[[ Dataset extract, beginning ]]
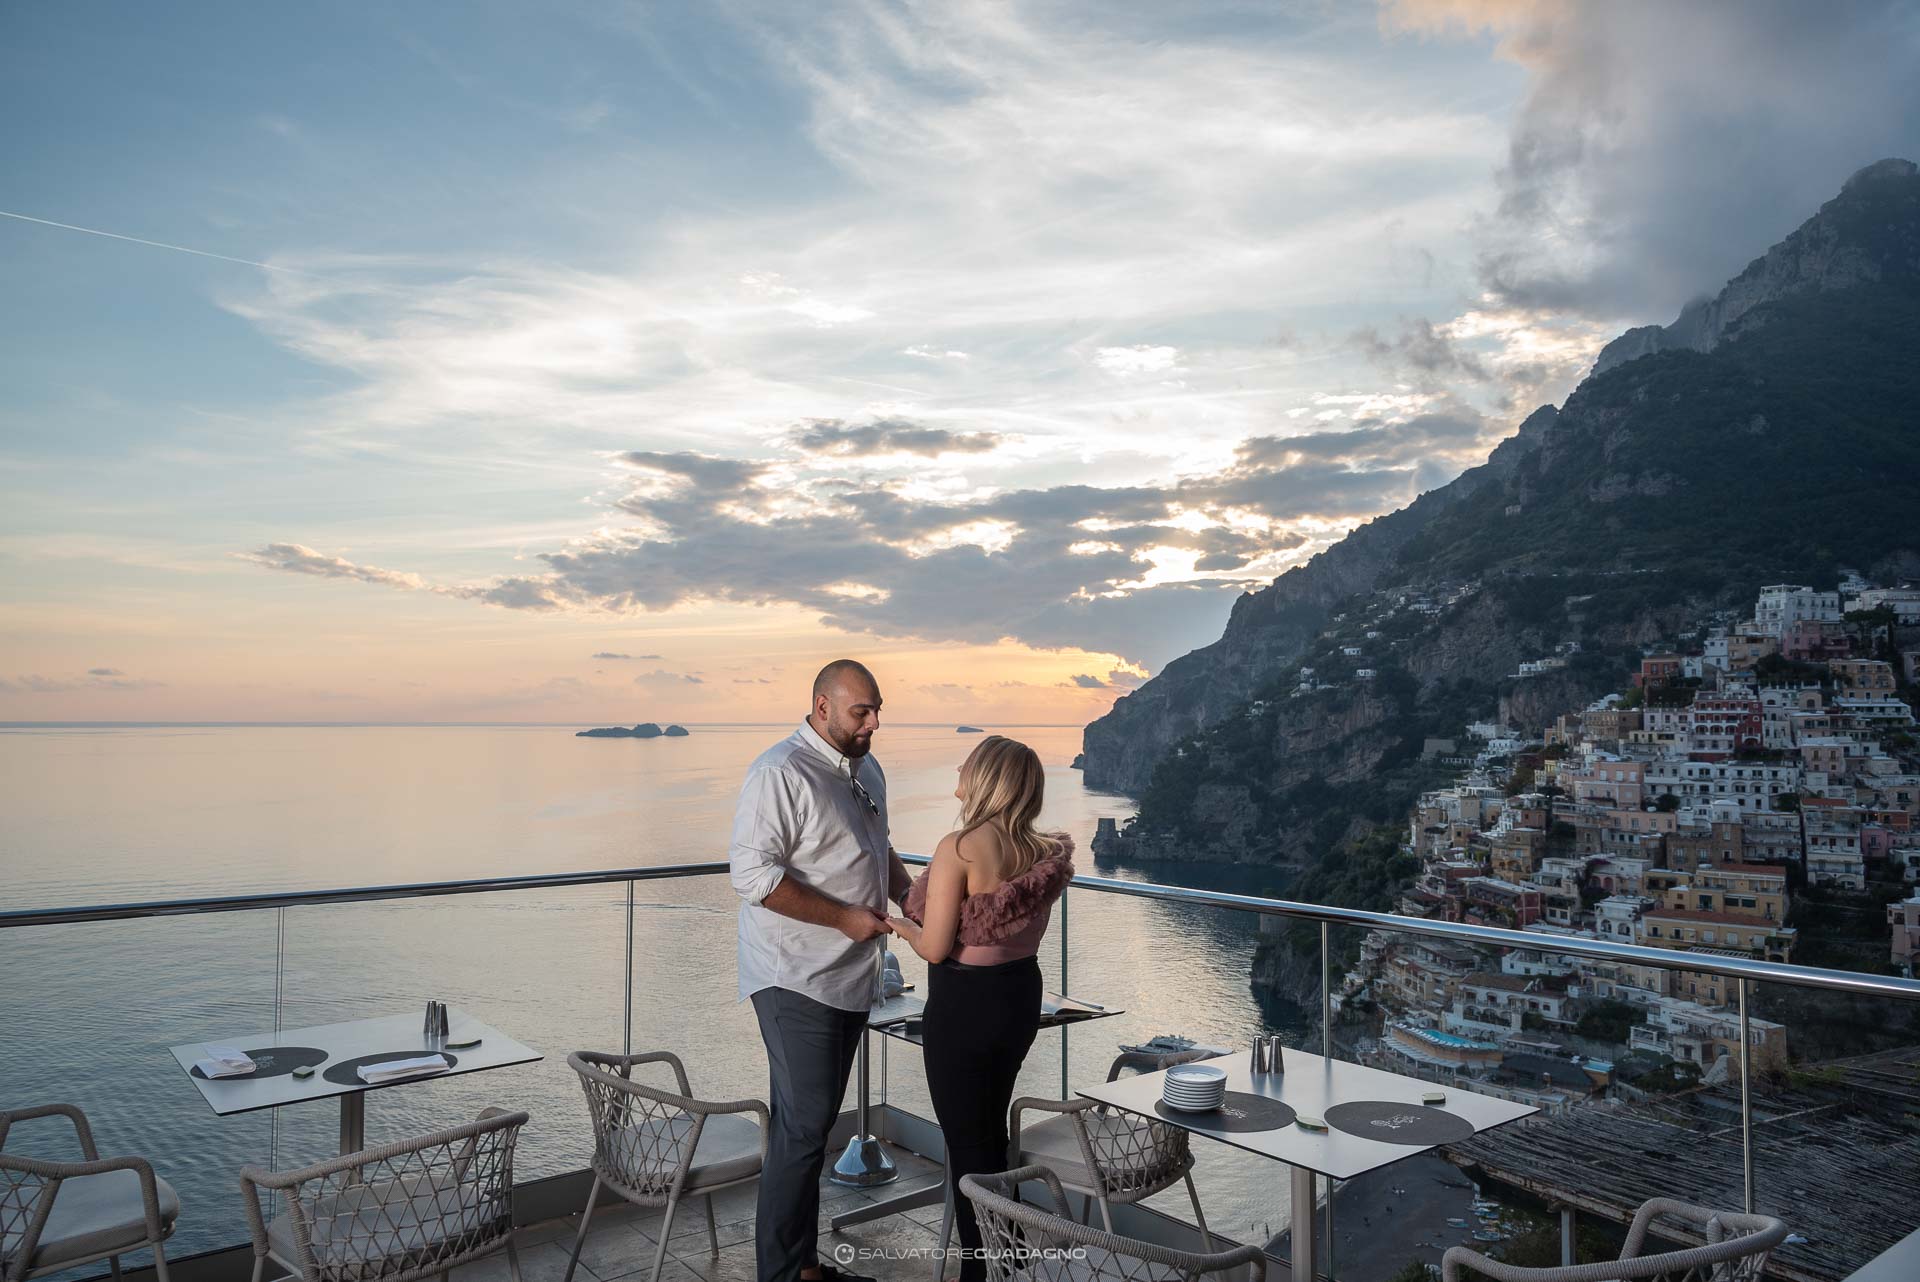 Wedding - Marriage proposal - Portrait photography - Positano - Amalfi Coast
[[ Dataset extract, end ]]
[[ Dataset extract, beginning ]]
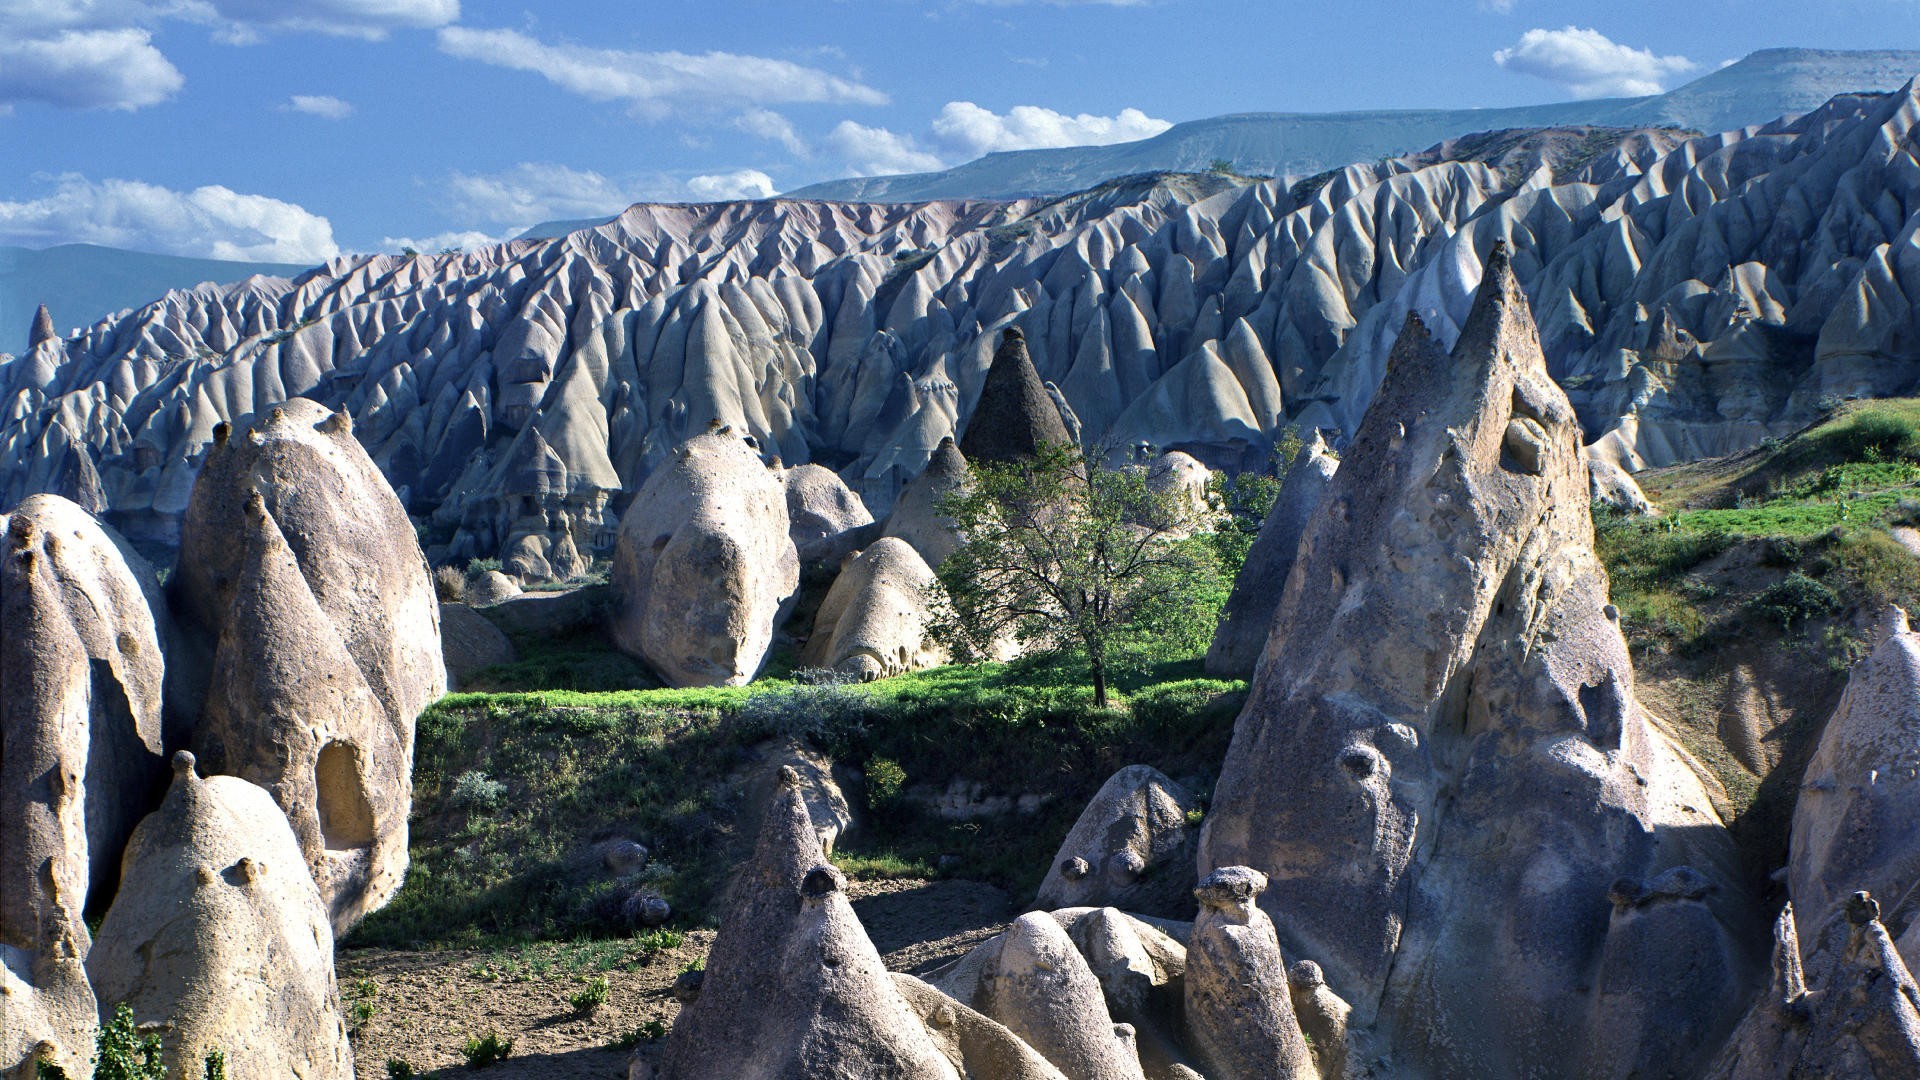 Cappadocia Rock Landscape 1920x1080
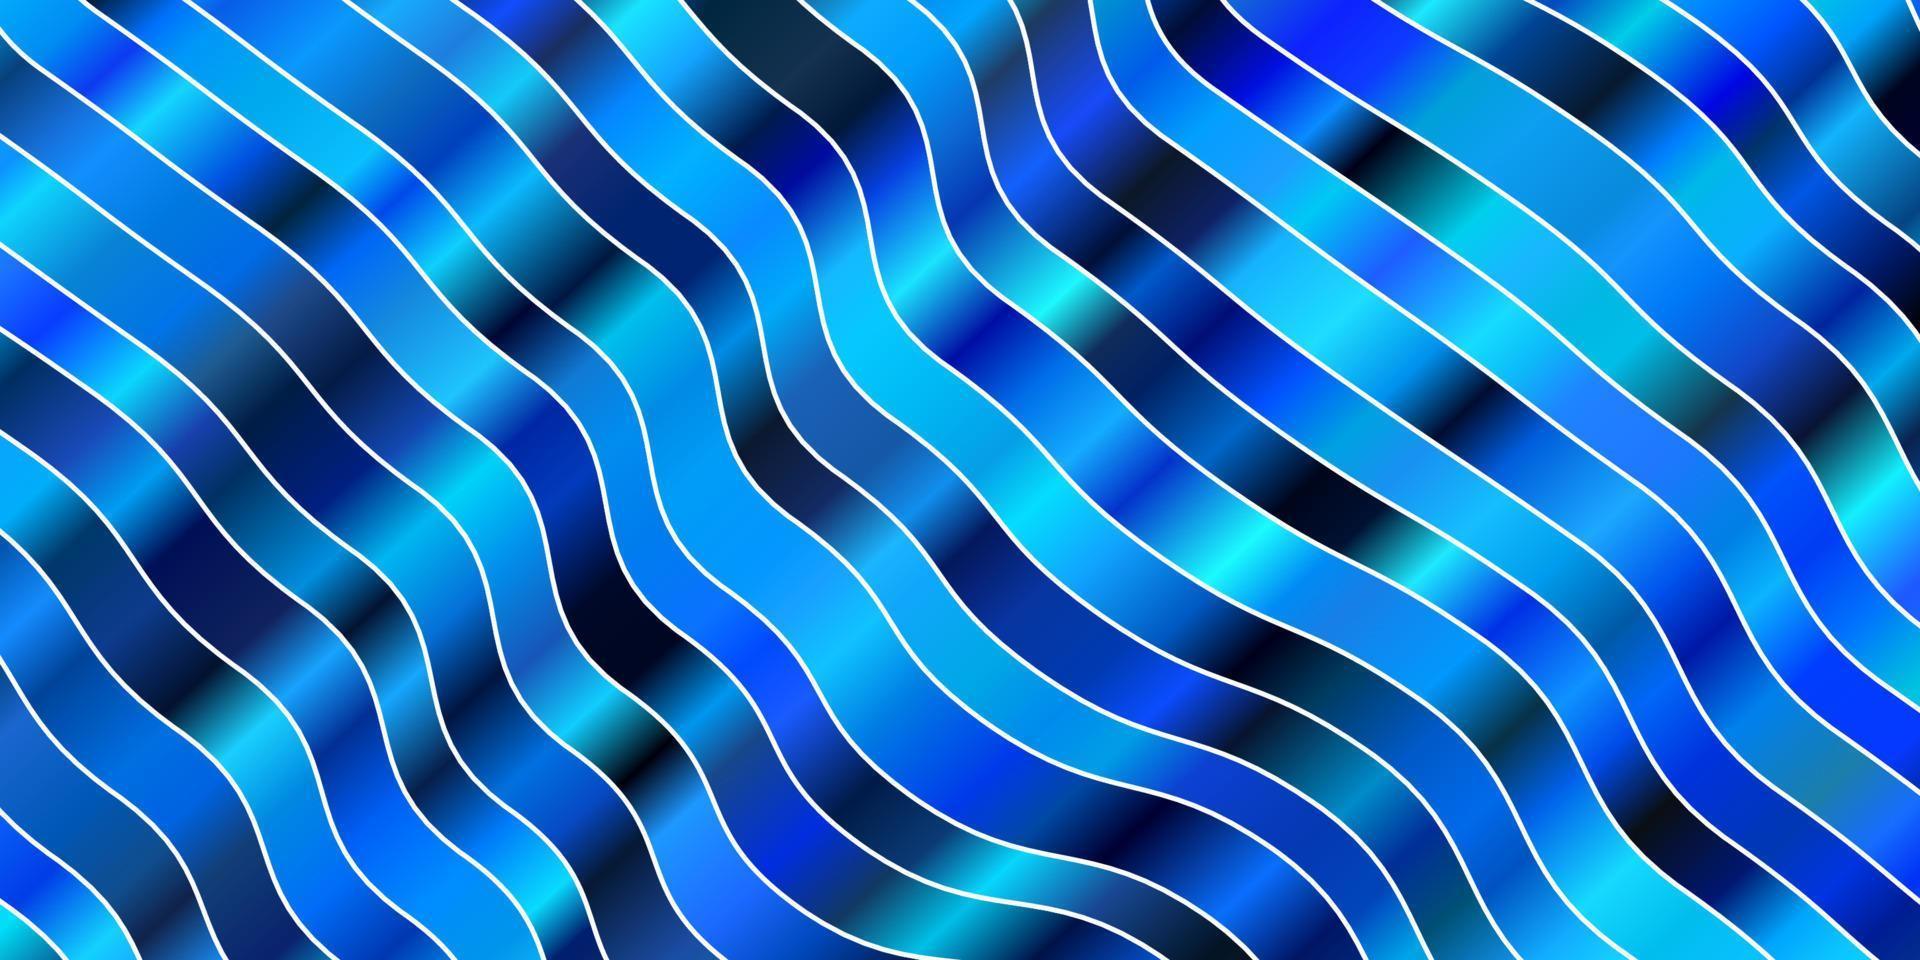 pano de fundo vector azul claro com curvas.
[[ Dataset extract, end ]]
### Prompt
Since the pictures are not part of the copy, please transcribe only the lines above from the one with "Cappadocia Rock Landscape 1920x1080" through the one with "pano de fundo vector azul claro com curvas.", exactly and with both ends.

### Result of the exercise
 Cappadocia Rock Landscape 1920x1080
 pano de fundo vector azul claro com curvas.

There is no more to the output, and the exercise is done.